Did that make sense? 

To truly understand the issue of race in America, you have to understand the history of race in America. People of color were slaves, property, livestock, for hundreds of years. Then, there were subject to race laws, pigs laws, and a host of other codified systems which made sure than no matter what happened, they were not anywhere nearly as successful as white people would be. 

Take a deep breath, white people, I’m going to tell you something that is true, and you are not going to like it. In Nazi Germany, a person could be considered Aryan, if three out of their four grandparents were Aryan. This means you could have a Jewish grandparent, and still be a member of the Nazi party. This was in their laws. 

How much black could you be in America and still be considered white? 

One drop. If a person had “one drop” of black blood in their body, if they had one black ancestor, they were considered to be black. That was in our laws. 

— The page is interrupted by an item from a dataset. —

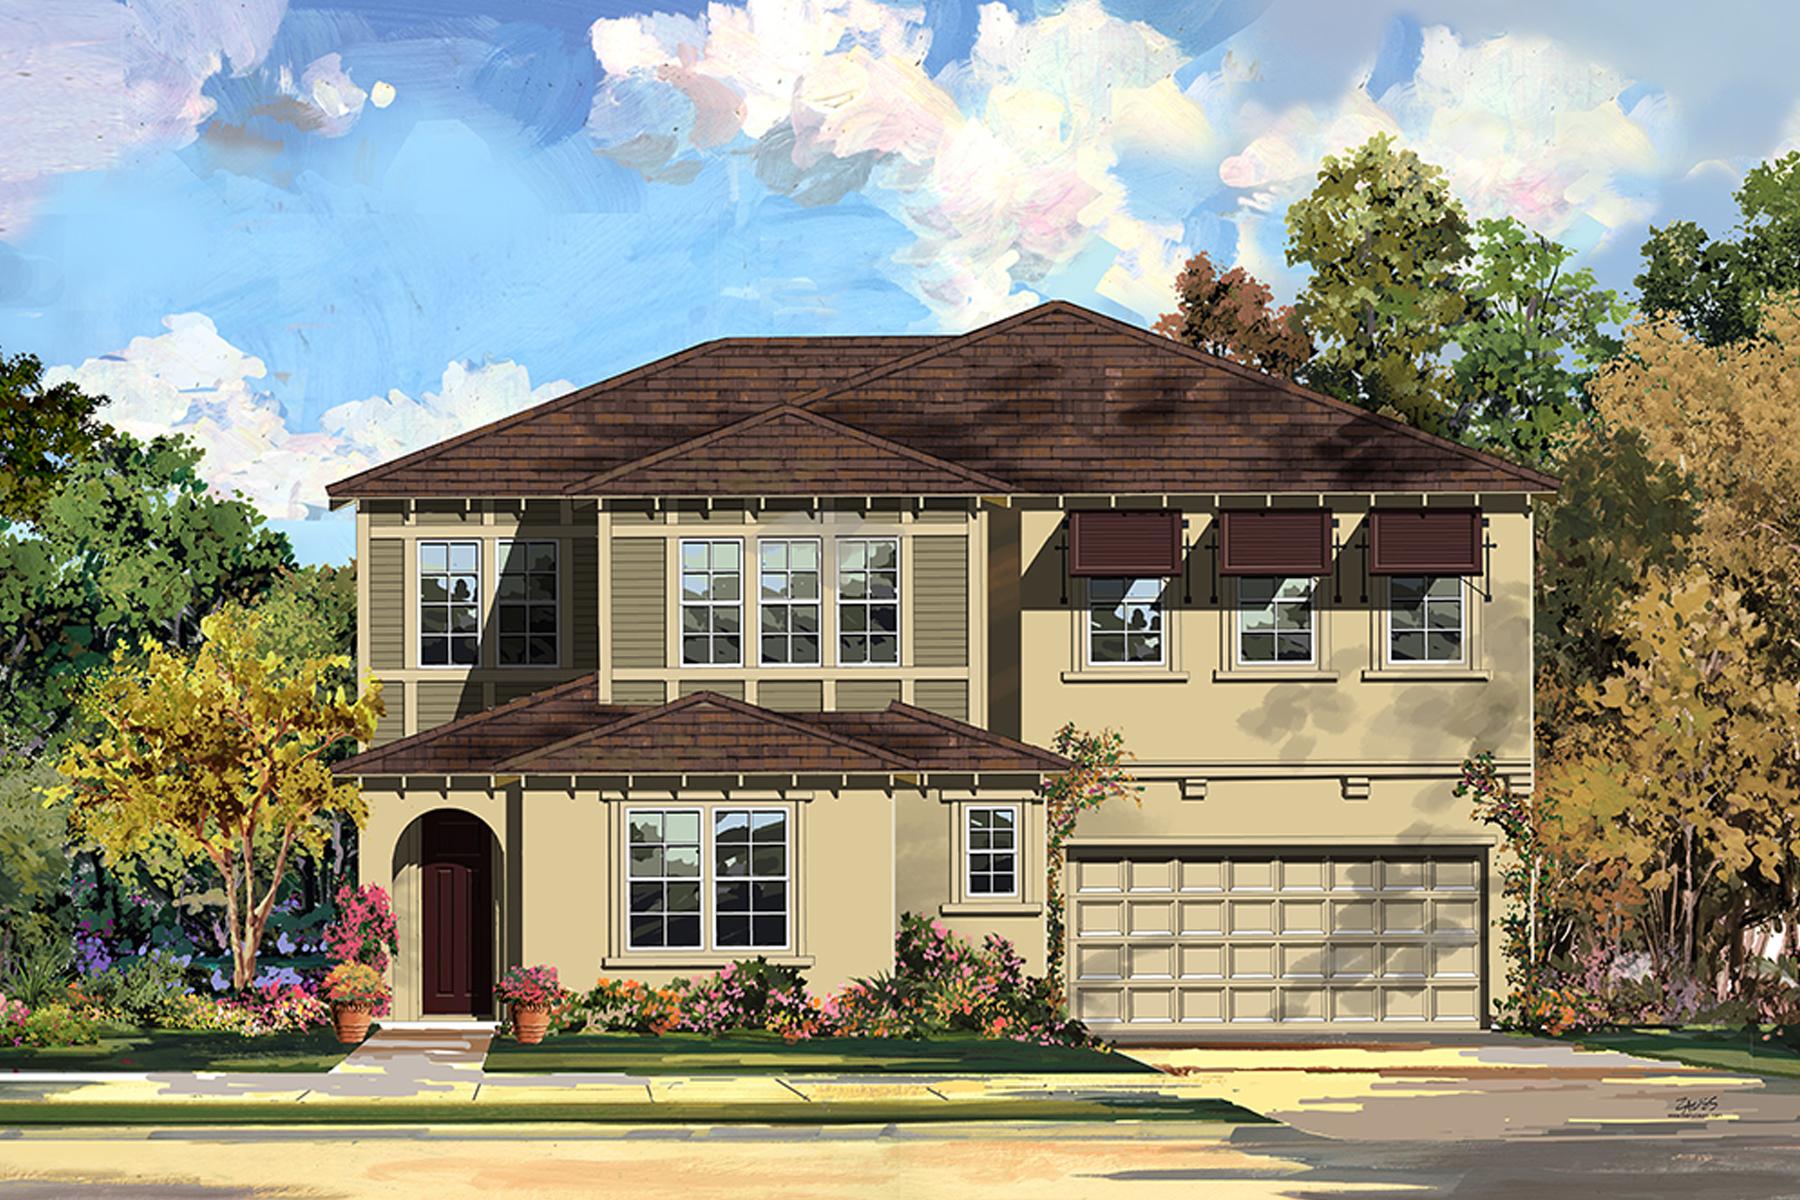 azusa new homes, new azusa homes, azusa real estates

Take a moment with that thought. Sit down and consider what sort of world we used to live in, and how much time and effort it would take to retool the thoughts and hearts of a people who have put laws into place, and lived within those laws, before all trace of that society would be gone, and there would be acceptance and there would be love, and there would be peace. 

We aren’t there yet. We aren’t anywhere near there yet. All the promotions and all the awards, and all the bling in the world cannot change what we have done for hundreds of years, until we understand why we did it. 

If you didn’t know the “One Drop Law” existed, then you didn’t know how bad it was, did you? 

How could you possibly be a part of the solution if you never knew the problem? 

Take Care,

Mike

One thought on “Black and White

  1. I seem to have always known about the one-drop [blood] rule/law. I don’t know when I learned it nor from whom. Halle Berry used it in a custody battle against her child’s white father.